Figure 10 shows an example of the type of output that is provided for the bookmarks in the files from 000.txt through 500.txt.

57 Portfolio Rules 
www2.austin.cc.tx.us./ftfac/PPportfolio.htm
HTTP/1.1 301 Moved Permanently
Figure 10

The position, name, and URL

The number at the beginning shows the position of the bookmark in the library, beginning with an index value of 0.  This number is followed by the bookmark name on the same line.  Then, the URL for the bookmark follows the bookmark name on the same line separated by a space.

(Note that in Figure 10, it was necessary to move the URL from the first line to the second line to cause the material to fit in this narrow publication format.)

The status line

The last (second) line of output for each bookmark is the status line from the response header.  This is the information that is used to categorize the bookmarks and to place the information for each bookmark in the files with names ranging from 100.txt through 500.txt.

The exception output format

The format of the information in the file named 600.txt is somewhat different from the other six files.  Figure 11 shows a typical entry in this file.

1048 WebTk Download Page
redsonja.sunlabs.com/research/tcl/
java.net.UnknownHostException: redsonja.sunlabs.com
Figure 11

The number at the beginning shows the index of the bookmark in the bookmark library.  This is followed on the same line by the bookmark name.

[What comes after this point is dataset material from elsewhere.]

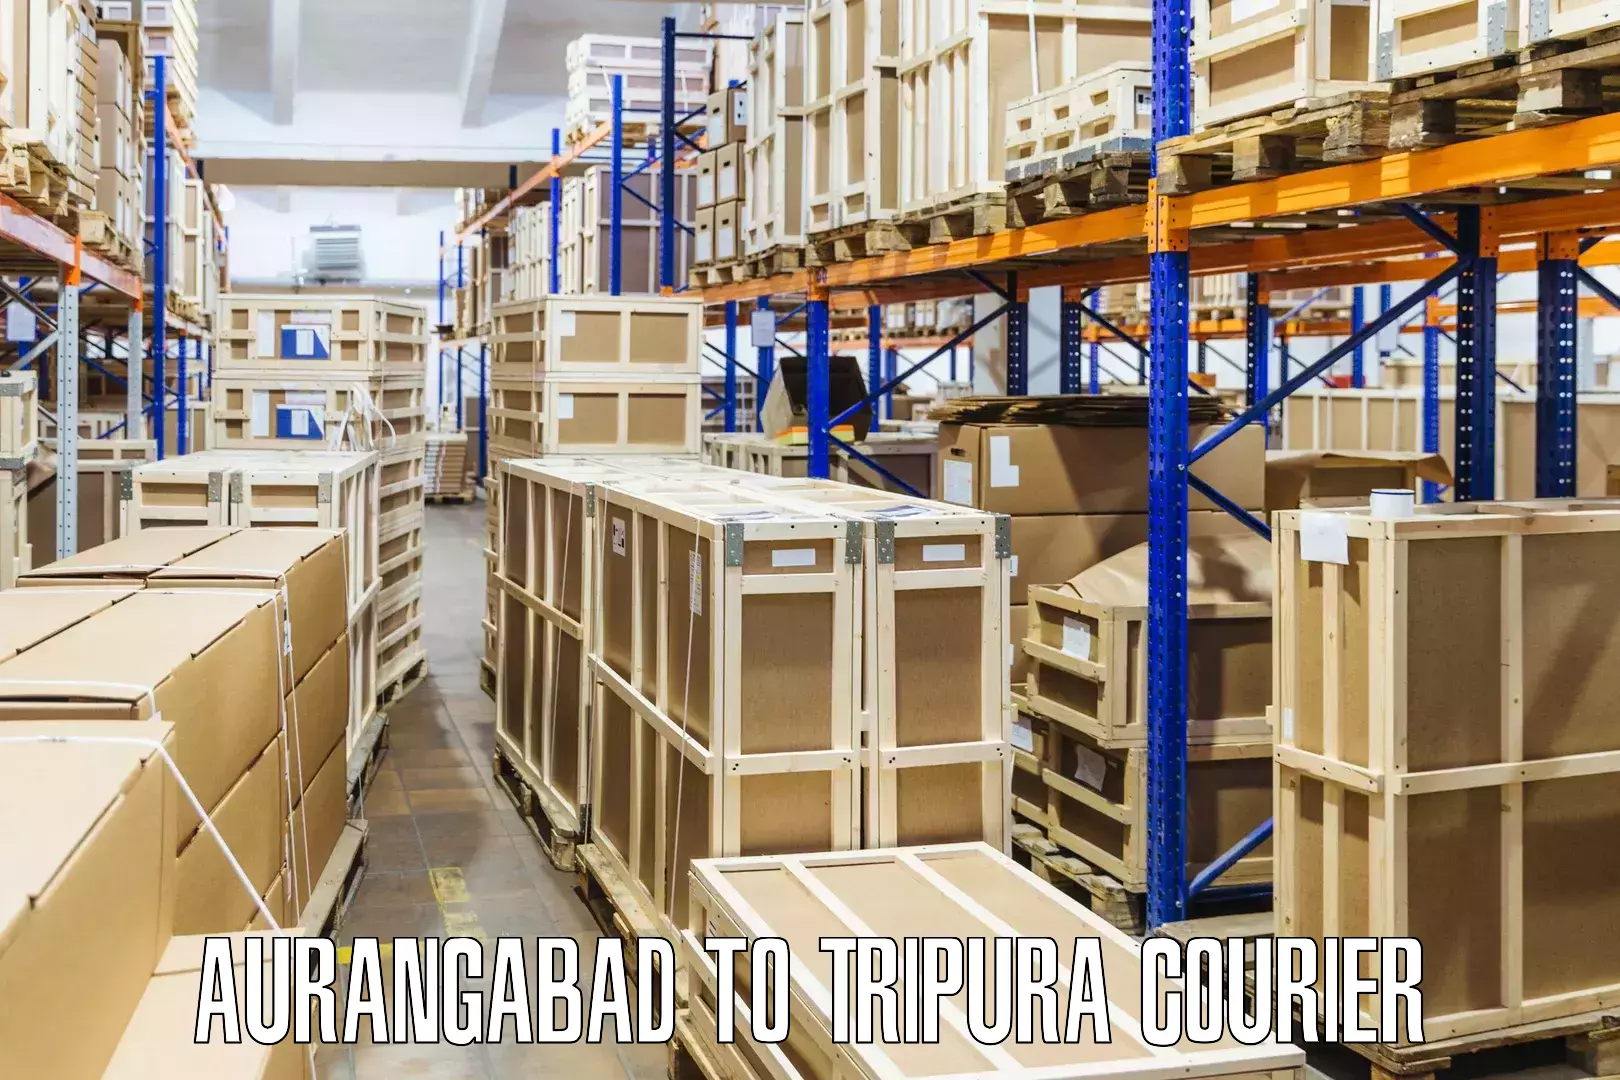 Global parcel delivery Aurangabad to Dharmanagar

The second line in Figure 11 shows the URL for the bookmark.

The bookmarks in this file are those for which an exception was thrown when the program attempted to connect to the server and to request a resource.  The third line shows the error message encapsulated in the exception object.  In the case of Figure 11, for example, the exception occurred when the program contacted the Domain Name Server in an attempt to resolve the IP address for the server named redsonja.sunlabs.com.

Using the information in the reports

Before getting into the program code, I want to make a few comments about how you can use the information contained in the various reports to clean up your bookmark library.

Not a silver bullet

To begin with, this program is not a silver bullet that resolves all of your bookmark library problems when you run it.  Rather, while this program is extremely useful in helping you to identify broken bookmarks, it is still up to you to either delete those bookmarks from your bookmark library, or to repair them.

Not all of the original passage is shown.